Closed w-hc closed 6 years ago
ReLU should work just as well. I chose PReLU because their outputs serve better for visualizations. And personally I like the idea of a learnable slope in the activation function (although various papers show it's not always better)
But I tried replacing PReLU with ReLU, keeping the other config unchanged, and the training does not converge. The default setup seems reasonable though. It seems a little surprising.
For training with ReLU, you need to initialize convolutional layers more carefully. E.g. you can use kaiming initialization with gain for ReLU nonlinearity. You can do it with these lines in initialization of EmbeddingNet:
for m in self.modules():
if isinstance(m, nn.Conv2d):
nn.init.kaiming_normal_(m.weight, mode='fan_out', nonlinearity='relu')
@w-hc did you try training with this change?

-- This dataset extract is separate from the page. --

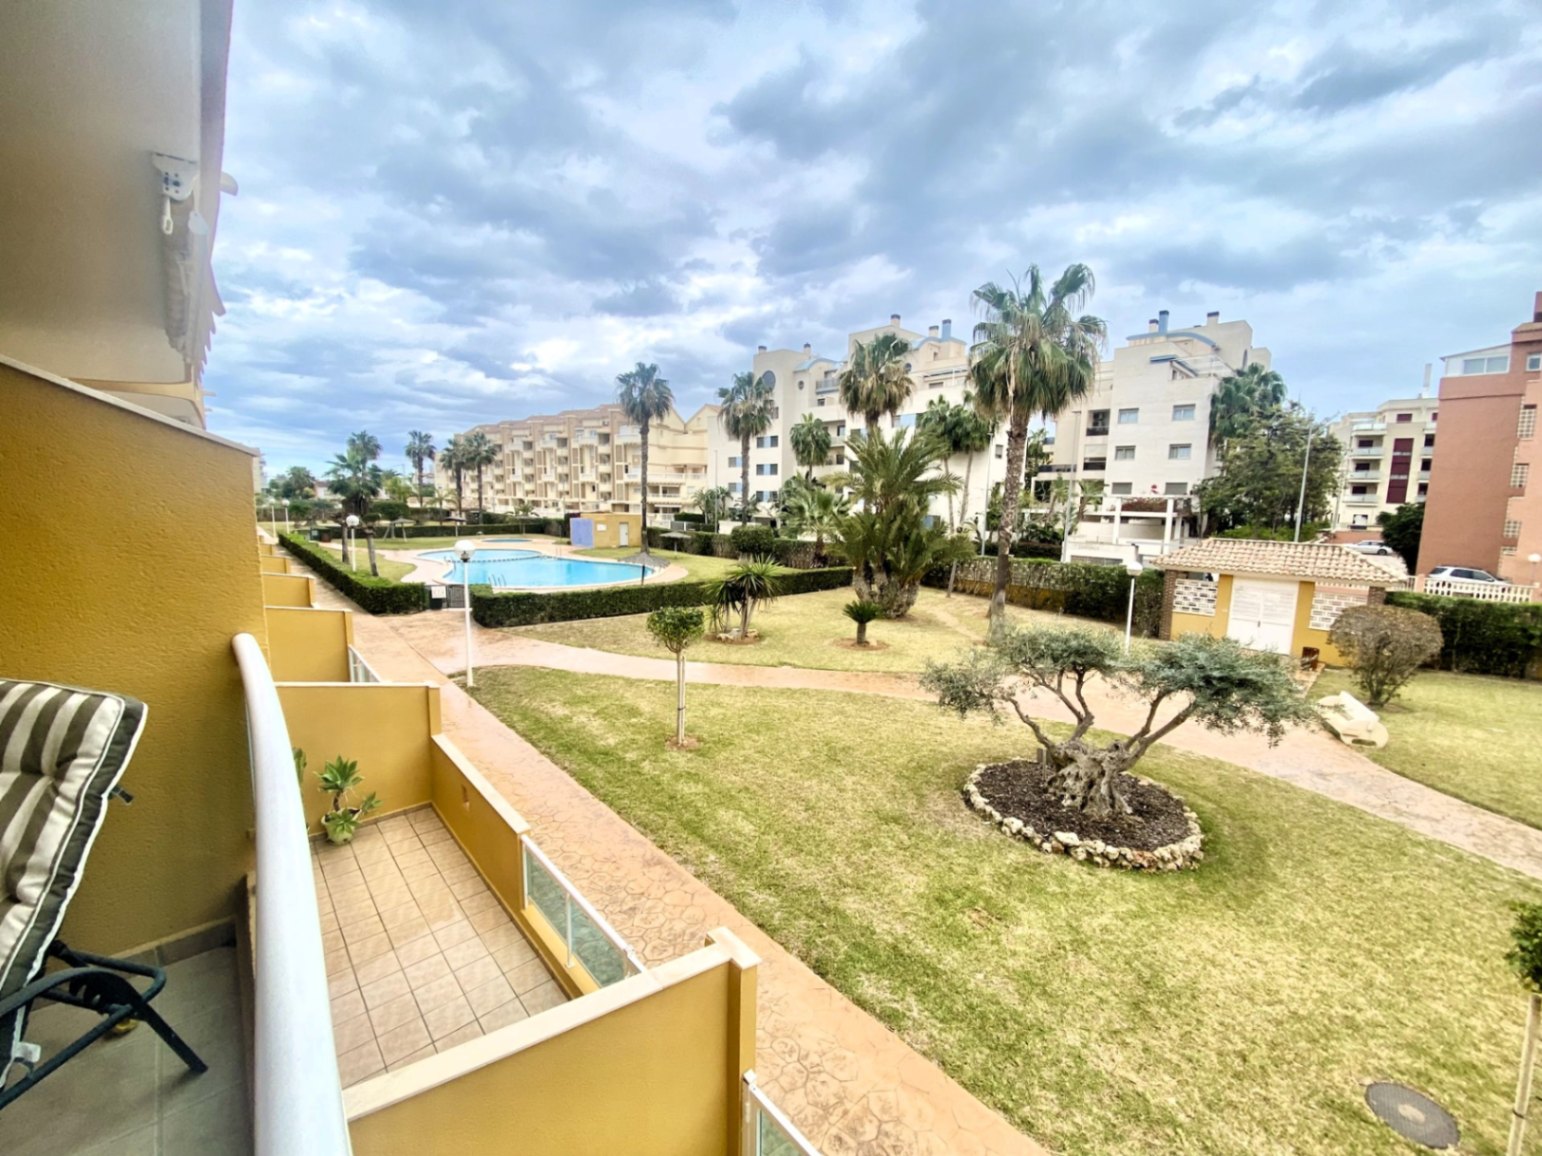 Appartement Playa Marinas km 0,5 in de buurt van de haven van Denia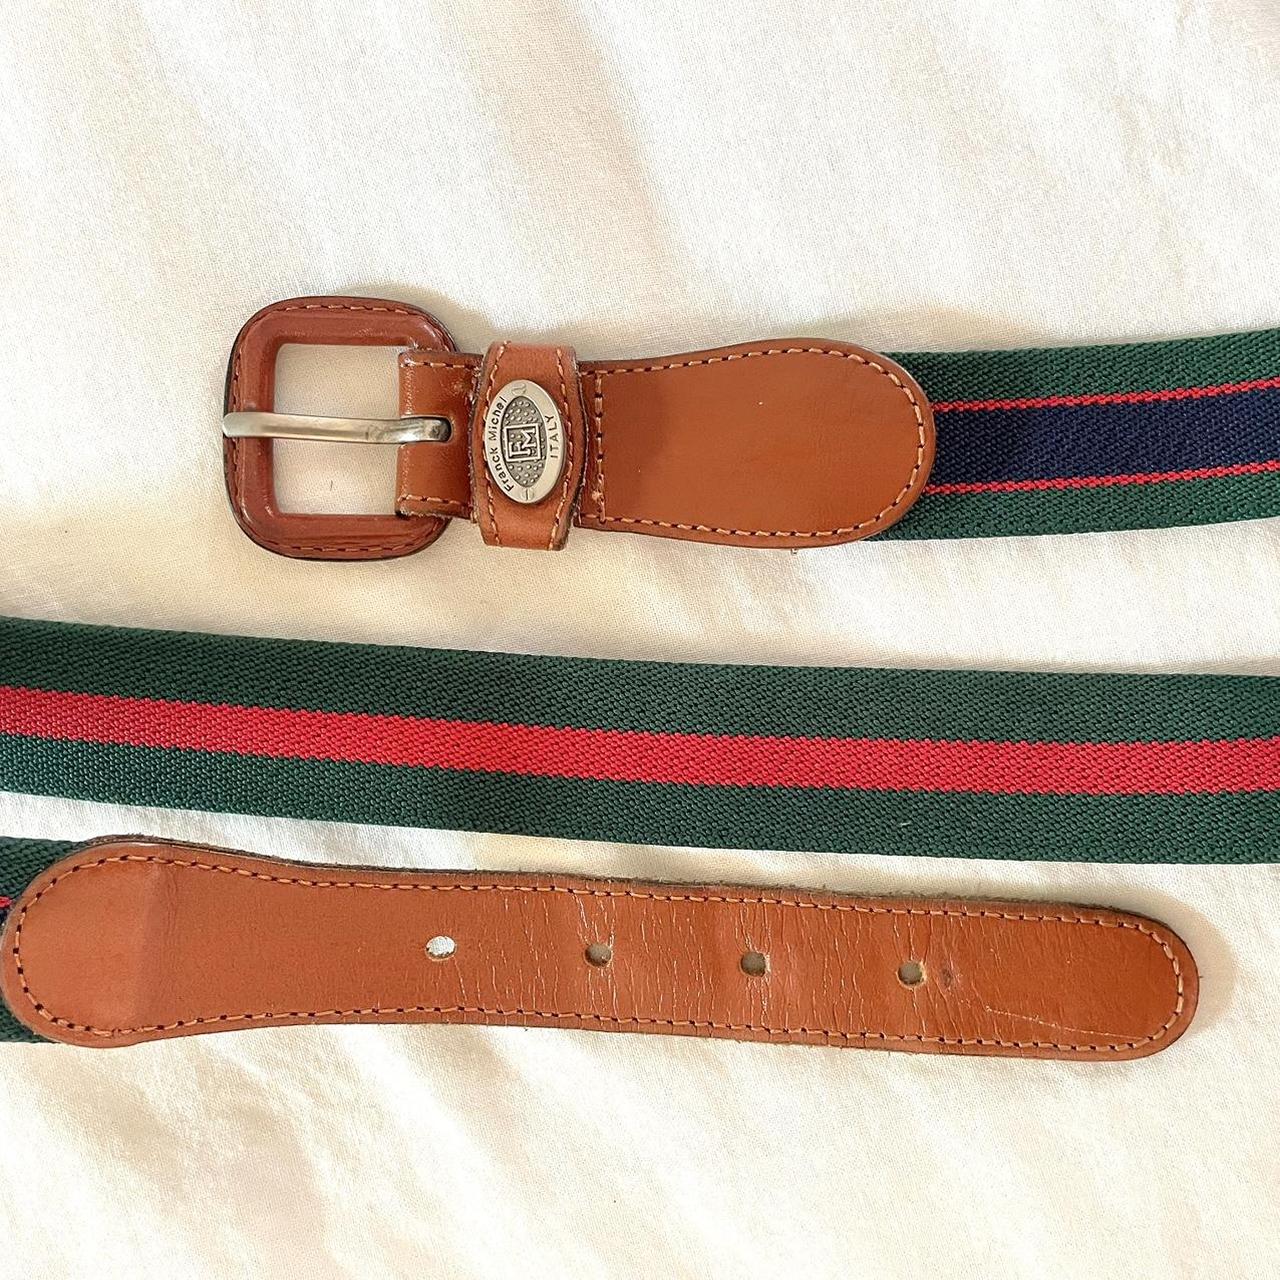 Vintage Franck Michel Italy striped belt, leather... - Depop

I will try in a minute. Sry.
No it still does not work. The basic classification training loss gets stuck at 2.3 i.e. random guessing. I don't think initialization can play such a huge role. It might really have to do with the fact that the final output is in 2d and in this case throwing away 3/4 of the space is too difficult for the network.
update:
lowering the starting learning rate down to 1e-3 can help to make a pure ReLU network trainable. It still converges much lower compared to PReLU. I should have spent a little more time doing hyper-parameter searching. The embedding looks as expected: 10 beams squeezed in the first quadrant.
Using vanilla ReLU for all layers, and simply changing the nonlinear in classification net to a PReLU, with default initialization, would make the network converge faster and get good looking embeddings. Constraining them to a quadrant is really too difficult.
Hi I noticed that you used parametric ReLU for these experiments, and I tried replacing them with vanilla ReLU. It turns out that even for simple MNIST classification network, the training cannot progress at all. It is true that ReLU imposes the additional constraint that only the positive quadrant can be used, but still it surprises me that the training loss stays at 2.3, which means nothing.
Did you adopt PReLU as conscious choice and what was the rationale? Thank you so much.